The Convexity of Venture
Von Tobel told Wired her investment thesis relies on convexity — the idea that most bets fail, but the ones that succeed can return hundreds of times the original investment. Quantum fits this pattern, according to von Tobel. If successful, it could inspire massive innovation, reshaping industries from logistics to finance.
“I’m a venture investor, and we believe in convexity — taking risks on things that most likely won’t work, but if they do work could be 500x in value,” von Tobel told Wired.
These benefits of quantum computing remain in the speculative realm, but they illustrate the scale of returns that keep venture investors willing to tolerate the high risk of failure.
Lessons From AI
Her comparison with AI is deliberate. In her view, quantum today resembles the pre-ChatGPT era of AI: a domain of research projects beginning to yield practical results. Back then, machine learning models were confined to labs, only beginning to influence products such as voice recognition and image search. A few years later, AI became the backbone of consumer apps, enterprise software, and now generative models like ChatGPT.
Von Tobel argued that AI’s rise shows how quickly an experimental field can commercialize once core breakthroughs align with compute power and distribution. She also noted that incumbents such as Microsoft and Google captured much of AI’s value, thanks to their user bases and pricing power. For startups, she suggested, competing in AI requires either strong technical moats or long-term embedded infrastructure.
In that sense, her bet on Logiqal mirrors her broader investment philosophy: look for deep infrastructure plays with staying power. She cited BrightAI’s long-term sensor deployments as an example of a moat—once embedded on utility poles or water systems, the devices are unlikely to be removed. Quantum hardware, if it works, could become another kind of infrastructure, powering applications across industries but owned by a handful of foundational players.
AI as a Tool
Although she is increasingly focused on quantum, von Tobel recognizes how important AI has become in her own work. She told Wired she uses AI dozens of times a day, for research, sourcing and market analysis, to the point of replacing Google search for many tasks. To her, AI is a tool that accelerates the present, while quantum represents a bet on the future.
The timing may be uncertain, and quantum science may still be in the experimental stage, but von Tobel said that is the nature of venture investing. Most experiments will not pan out. But if even one company solves the scaling challenge, she argued, it could create not just a successful business but a new era of computation.
That new era of computation could unlock real “earth-moving” benefits that stretch the imagination, according to the venture capitalist.

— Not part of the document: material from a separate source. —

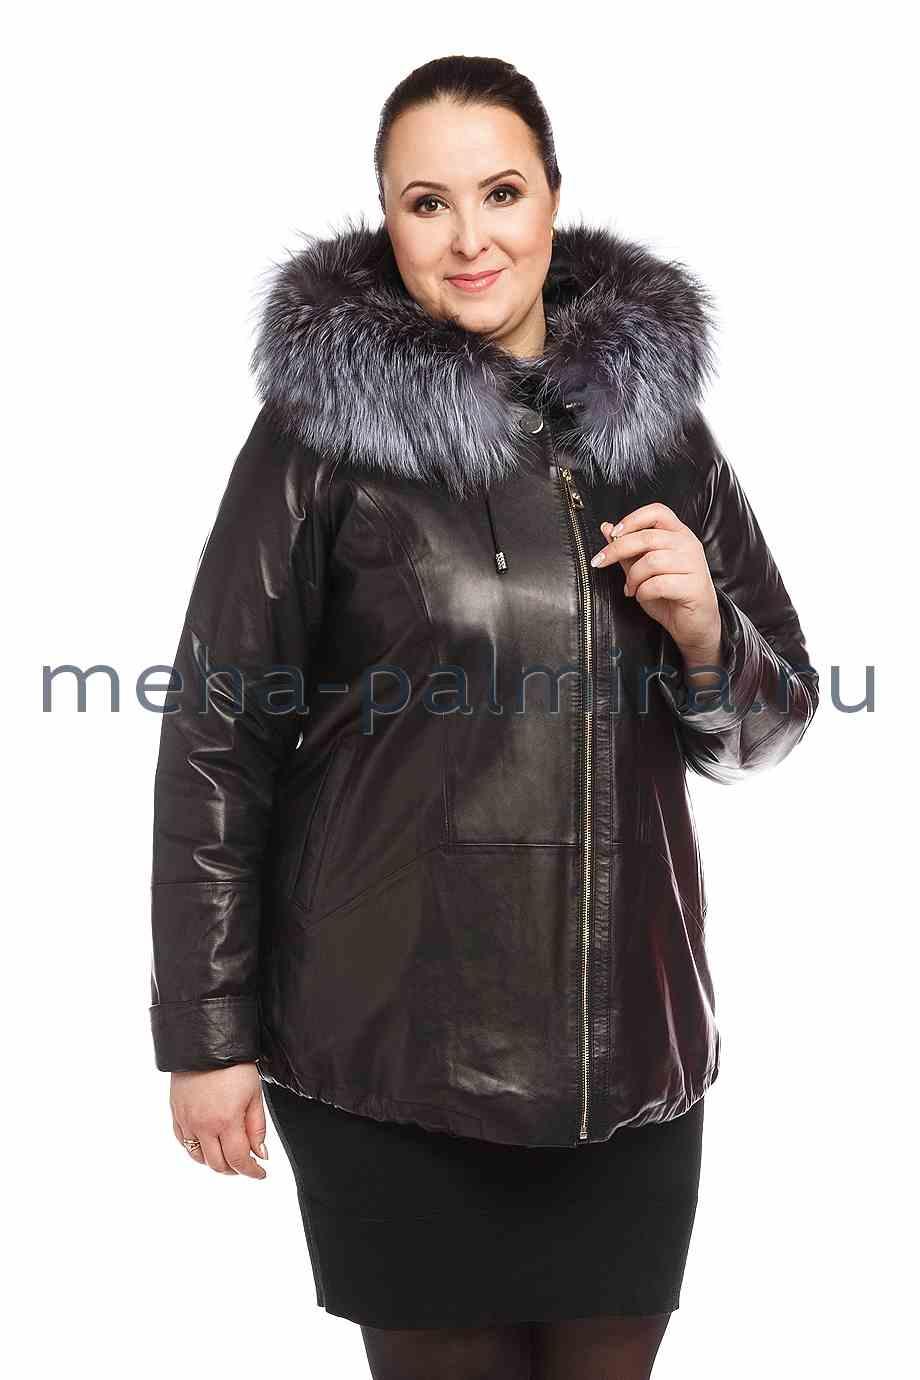 Утепленная женская куртка с капюшоном, мех чернобурки

“It’s a real earth-moving innovation if there’s a chance that quantum computers find the path toward success,” von Tobel said. “You unlock these thinking engines, these computational engines that can run the future of material sciences, the future of pharmaceutical innovation, the future of logistics, the future of financial markets in ways that we’ve never seen before You can see a future where you could create pharmaceutical advancements that could elongate life 20 to 30 years. You could see changes in material sciences where we could invent new products. It could help us get to Mars! That is what quantum computing unlocks.”